Development of a primary microglia screening assay and its use to characterize inhibition of system xc- by erastin and its analogs

The inflammatory response in the central nervous system involves activated microglia. Under normal conditions they remove damaged neurons by phagocytosis. On the other hand, neurodegenerative diseases are thought to involve chronic microglia activation resulting in release of excess glutamate, proinflammatory cytokines and reactive oxygen species, leading to neuronal death. System x_C^- cystine/glutamate antiporter (SXC), a sodium independent heterodimeric transporter found in microglia and astrocytes in the CNS, imports cystine into the cell and exports glutamate. SXC has been shown to be upregulated in neurodegenerative diseases including multiple sclerosis, ALS, neuroAIDS Parkinson's disease and Alzheimer's disease. Consequently, SXC inhibitors could be of use in the treatment of diseases characterized by neuroinflammation and glutamate excitotoxicity. We report on the optimization of a primary microglia-based assay to screen for SXC inhibitors.
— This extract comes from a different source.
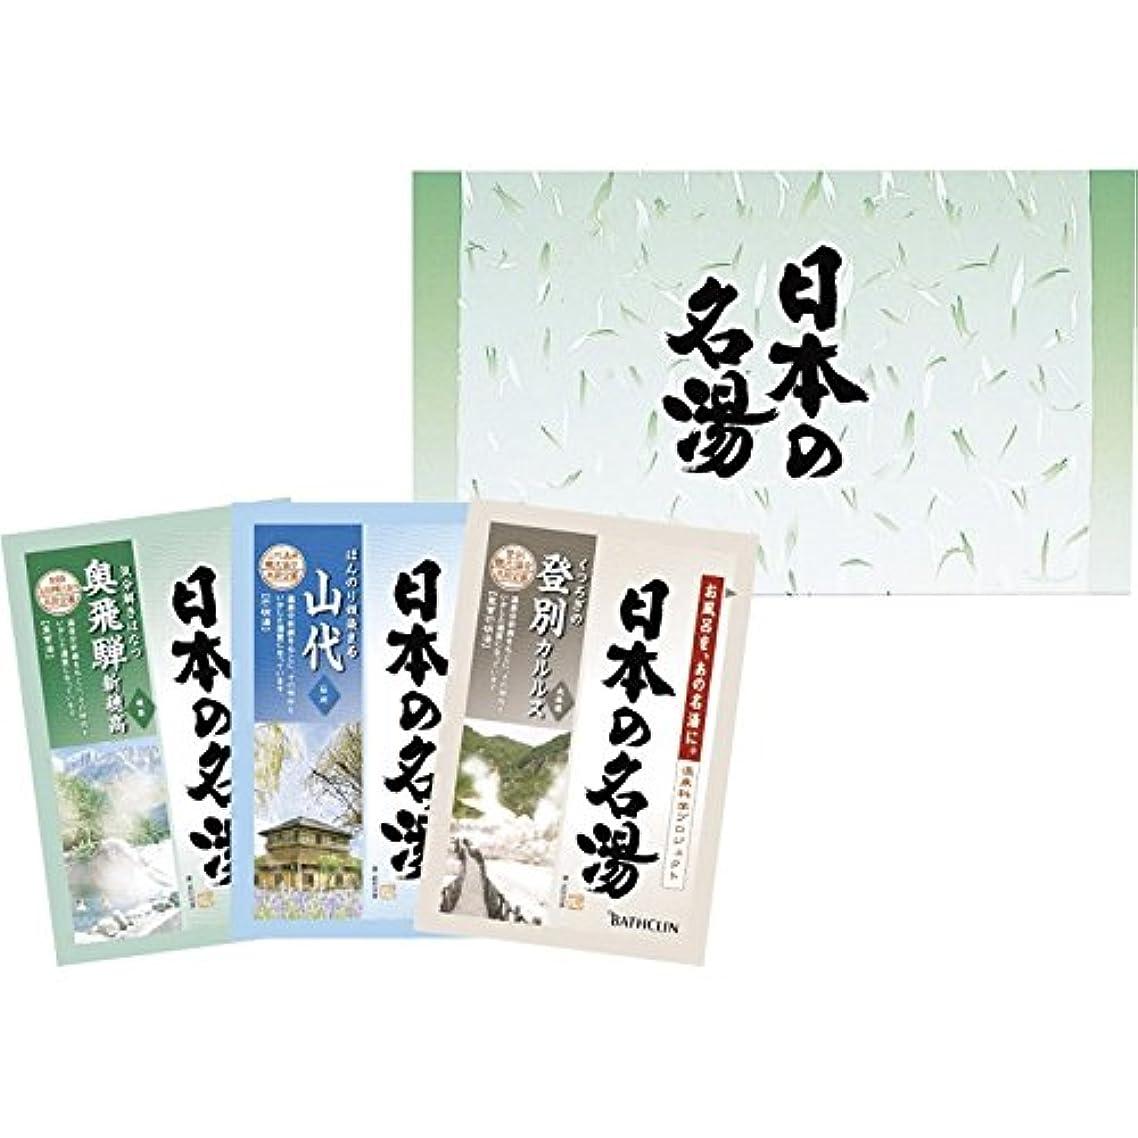 アジア人投げる不可能なバスクリン 日本の名湯 3包セット 【ギフトセット あたたまる あったまる ぽかぽか つめあわせ 詰め合わせ アソート バス用品 お風呂用品 300】

Rat primary microglia were activated using lipopolysaccharides (LPS) and glutamate release and cystine uptake were monitored by fluorescence and radioactivity respectively. LPS-induced glutamate release increased with increasing cell density, time of incubation and LPS concentration. Conditions to screen for SXC inhibitors were optimized in 96-well format and subsequently used to evaluate SXC inhibitors. Known SXC inhibitors sulfasalazine, S-4CPG and erastin blocked glutamate release and cystine uptake while R-4CPG, the inactive enantiomer of S-4CPG, failed to inhibit glutamate release or cystine transport. In addition, several erastin analogs were evaluated using primary microglia and found to have EC₅₀ values in agreement with previous studies using established cell lines.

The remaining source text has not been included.